Emirates Global Aluminium’s Challenge programme expands with five major industry partners
Emirates Global Aluminium’s Challenge programme expands as major firms join to accelerate gender diversity and inclusion across the UAE industrial sector.
Emirates Global Aluminium’s Challenge programme has grown with five new industry partners signing on to boost gender inclusion across the UAE’s industrial workforce. The move brings Schneider Electric, RAK Ceramics, Veolia, Delta Plus and Knauf into a coalition led by EGA to address shared barriers to women’s participation in technical and operational roles. The expanded membership also reinforces cross-sector collaboration as companies look to scale mentoring, recruitment and workplace practices that support women in science, technology, engineering and mathematics.

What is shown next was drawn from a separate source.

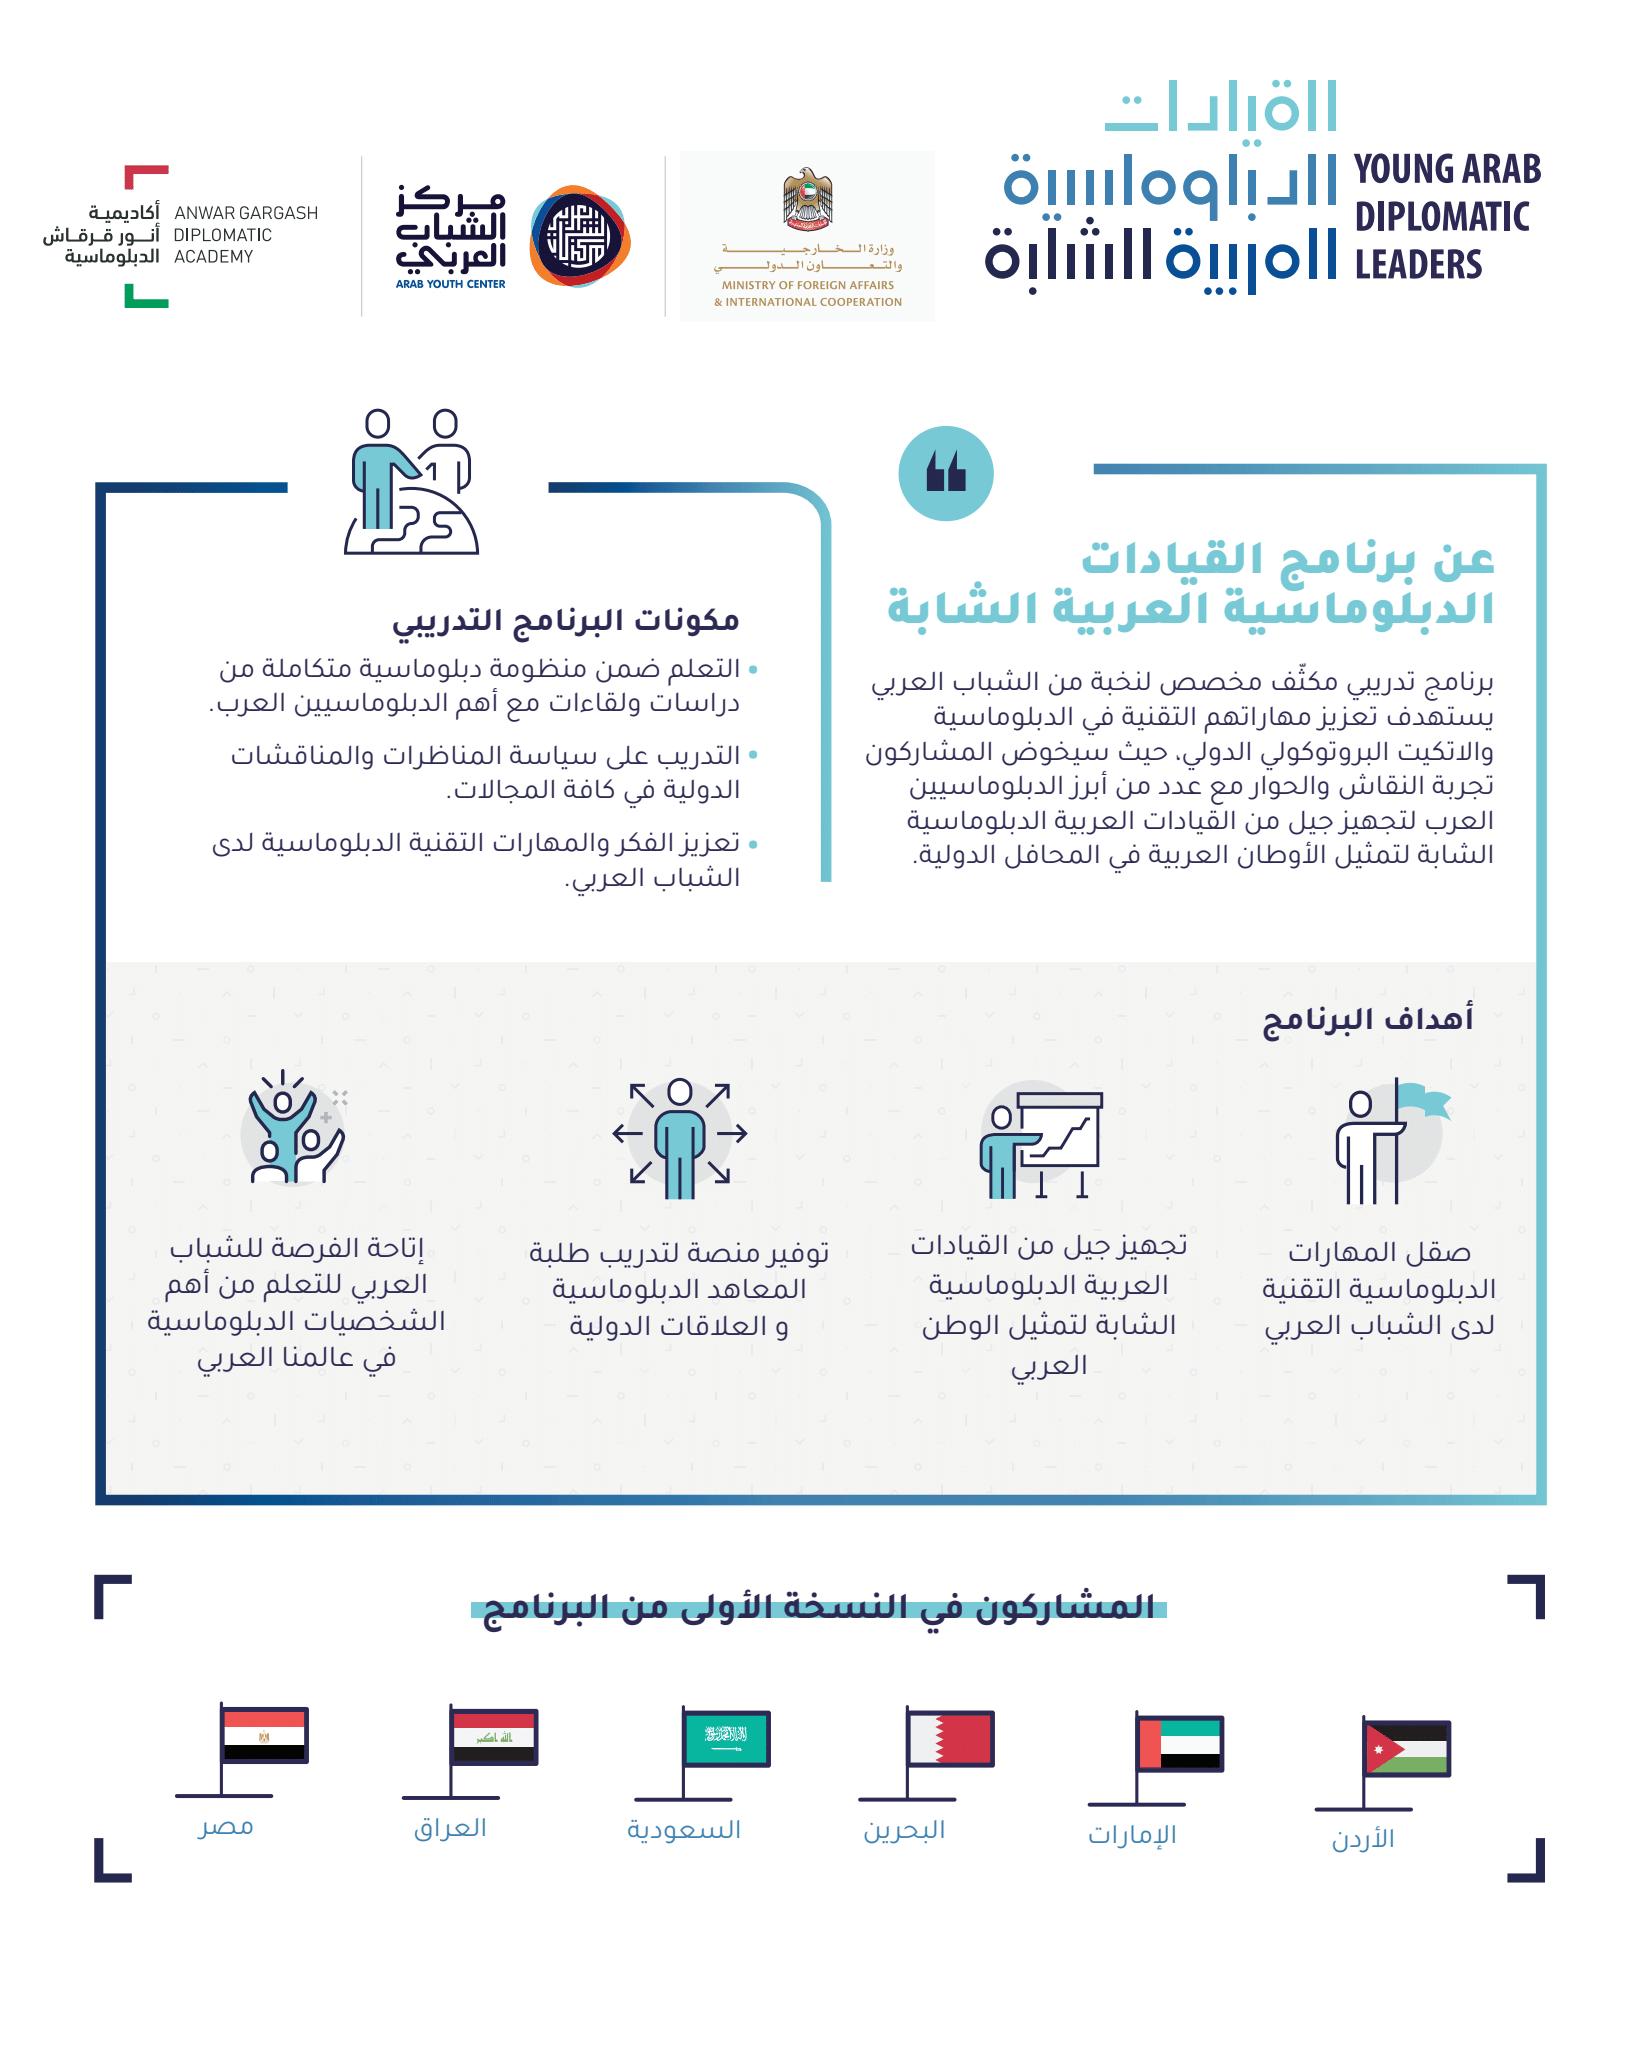 """""""مركز الشباب العربي"""" يطلق برنامج القيادات الدبلوماسية العربية الشابة"""
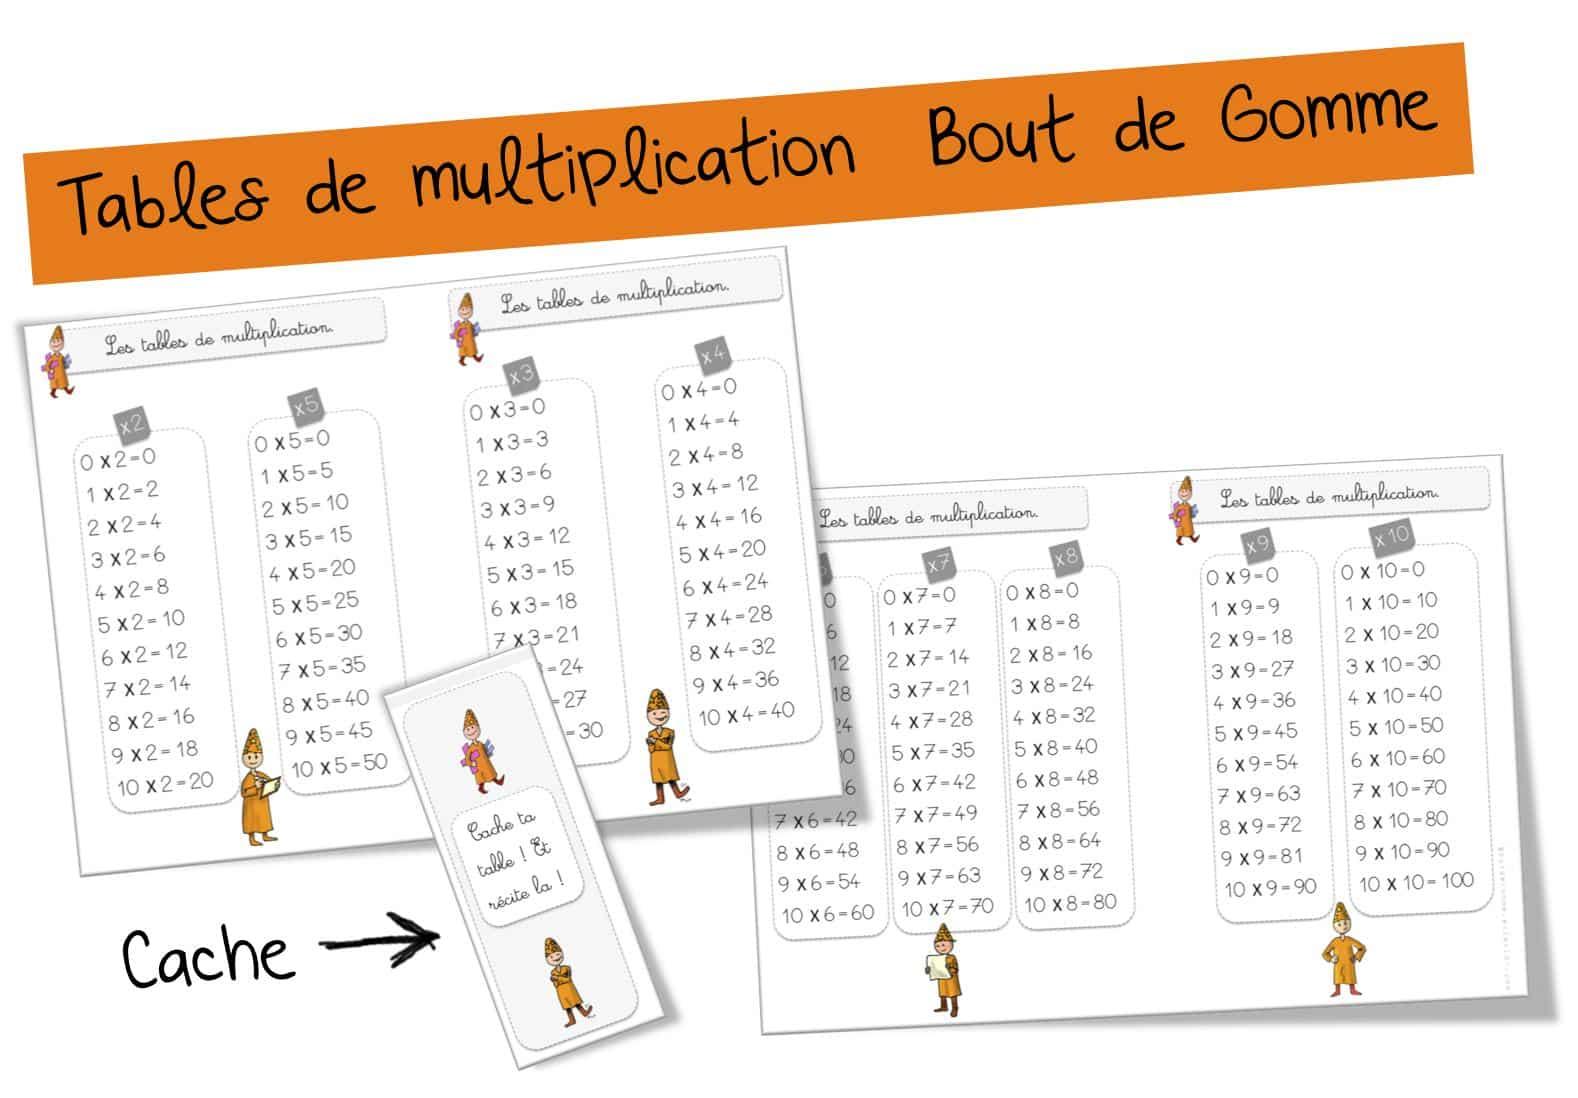 Comment apprendre les tables de multiplication - Apprendre les tables de multiplication jeux ...

New partners join the Challenge programme
EGA confirmed the arrival of the five new members and said they join existing participants that include ADNOC, Ducab, Emirates Steel Arkan, the Emirates Nuclear Energy Corporation, Strata, TAQA and TechnipFMC. The company described the programme as a platform for industrial employers to coordinate on practical measures that remove systemic barriers and expand opportunity for women. By pooling resources and aligning targets, members aim to accelerate change more quickly than individual efforts alone.
Programme priorities and areas of action
The Challenge programme, launched by EGA in 2023, concentrates on three core priorities: encouraging women to enter STEM fields, creating more inclusive workplaces within heavy industry, and providing structured career mentorship for young women already working in the sector. Participating companies will collaborate on recruitment pipelines, skills development initiatives and awareness campaigns to attract female talent into technical trades and engineering roles. The programme also seeks to standardise best practices for family-friendly shift patterns, safety training and progression pathways that support retention.
Targeted measures to increase female participation
Members plan to pilot joint initiatives such as apprenticeship quotas, sector-wide mentoring schemes and shared training modules that prepare candidates for operational roles. The programme emphasises practical interventions — from on-site facilities and protective equipment designed for women to sponsored scholarships and industry placements. EGA has framed these measures as not only equitable but necessary to meet evolving labour needs and technological demands across the UAE’s industrial base.
EGA reports measurable progress on gender diversity
EGA said it has adopted a proactive approach to gender diversity since the start of the decade and reported concrete gains within its own workforce. The company now employs more than 830 women, with over 60 percent occupying operational roles, and women holding roughly one quarter of managerial positions. EGA added that the firm met the internal target it set in 2021, achieving the stated managerial representation by the end of 2025, a milestone it presented as evidence that structured commitments can deliver results.
Leadership perspective on competitiveness and inclusion
Abdulnasser bin Kalban, Chief Executive Officer of Emirates Global Aluminium, framed the programme as a strategic business priority as well as a social one. He said organisations with inclusive cultures tend to perform better, innovate more effectively and deliver stronger long-term growth. Bin Kalban described the expansion of the Challenge programme as an opportunity to raise competitiveness across the sector while broadening economic participation for women.
Sector-wide implications and next steps
Industry leaders and policymakers have increasingly emphasised that increasing female participation in STEM and industrial trades is necessary to sustain workforce pipelines and national development goals. The Challenge programme’s collaborative model aims to produce transferable practices that smaller employers can adopt, multiplying the impact beyond the founding members. EGA and its partners have indicated they will publish progress updates and share results of pilot initiatives to encourage wider uptake across the UAE and the wider region.
EGA’s expanded coalition also signals a shift from isolated corporate programmes to coordinated, cross-company action on inclusion, potentially serving as a template for other sectors facing similar talent shortages. As members begin implementing shared initiatives, observers will be watching recruitment and retention metrics to assess whether the partnership can translate commitments into sustained increases in female representation in technical and operational roles.
The success of the Challenge programme will depend on translating stated ambitions into measurable, repeatable interventions that address the practical constraints women face in industrial environments. By aligning hiring practices, training investments and workplace supports across multiple major employers, the partnership seeks to create clearer career pathways for women and to strengthen the industrial workforce that underpins the UAE’s economic growth.